The intraclass variance is defined as a weighted sum of variances of the two classes.
Weights ω0,1 are the probabilities of the two classes separated by a threshold, t and , are variances of these two classes. One of the two classes is the darker part of the image, which is OM and pore space. The other class is the rest of the input image, which is minerals. Because we already have the pore space segmented by now, it can be subtracted from the Otsu thresholding result with the Image Calculator feature in Fiji or ImageJ, and the OM remains. Figure 5 shows the result of manually picked OM versus Otsu thresholding.
Determining Porosity Associated with Organic Matter and Minerals
The OM-hosted porosity in organic-rich shale reservoirs is formed during thermal maturation of OM (e.g., Loucks et al., 2009, 2012; Schieber, 2010, 2013), which is of great significance in evaluating the reservoir and understanding the evolution of pores in shale (e.g., Milliken et al., 2013). Loucks et al. (2012) summarized classification of pore types in shale and present a self-explanatory classification system featuring interparticle, intraparticle, and OM pores. Milliken et al. (2013) studied the Marcellus Shale and subdivided OM pores into three types. Pommer and Milliken (2015) further defined OM–mineral interface pores as pores between mineral particle and OM and categorized this as mineral-associated rather than OM-hosted pores. In this research, we will follow the Pommer and Milliken (2015) classification.

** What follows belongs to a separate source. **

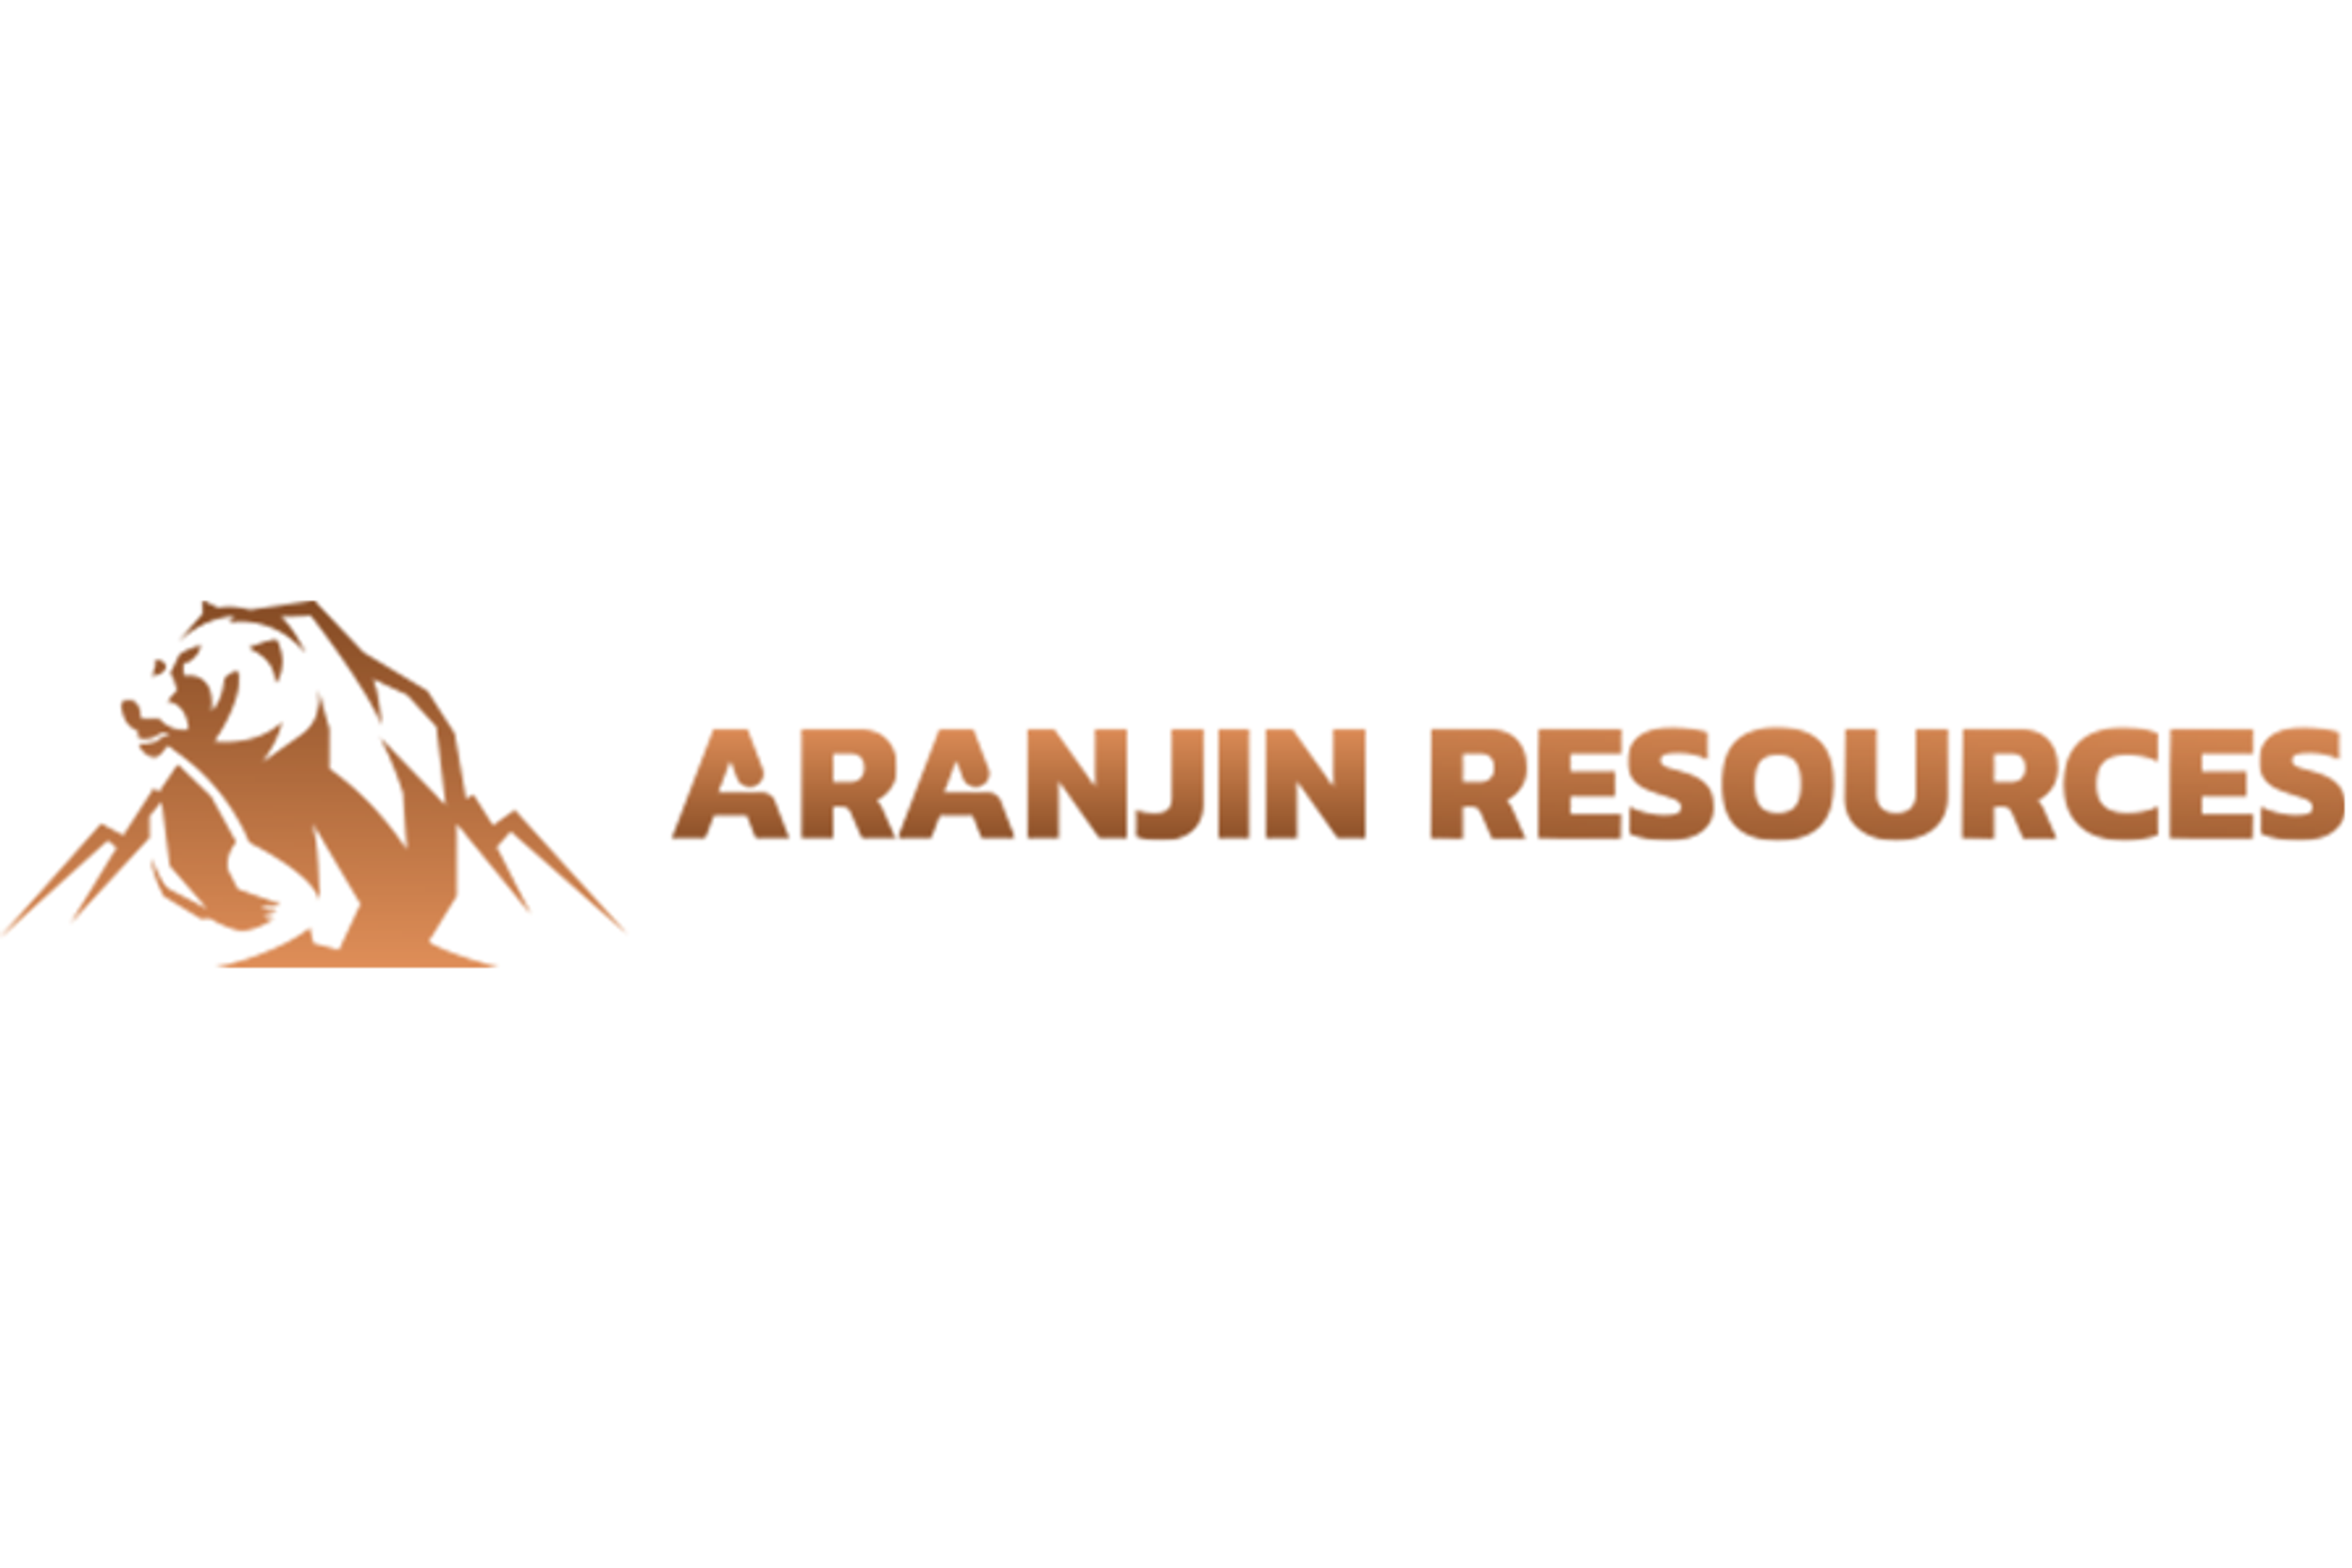 Aranjin Commences Exploration at the Baavhai Uul Copper Nickel Discovery

Other than picking pores manually, a detour can be taken. If the pores within segmented OM (e.g., Figure 5D3, E3, F3) can be digitally infilled, the percentage of OM plus OM-hosted porosity in the image can be determined. The infilled OM can be subtracted from the total pore space map (e.g., Figure 3A3, B3, C3) with Image Calculator. The Image Calculator function of ImageJ assumes that subtracting a value (infilled OM) from a null value will result in a null value. Because no OM exists on the total pore space map after the subtracting, there will only be pores that are not hosted by OM. The OM parts will remain as null value. The result is the mineral-hosted porosity. The OM-hosted porosity is simply determined by subtracting mineral-hosted porosity from the total porosity.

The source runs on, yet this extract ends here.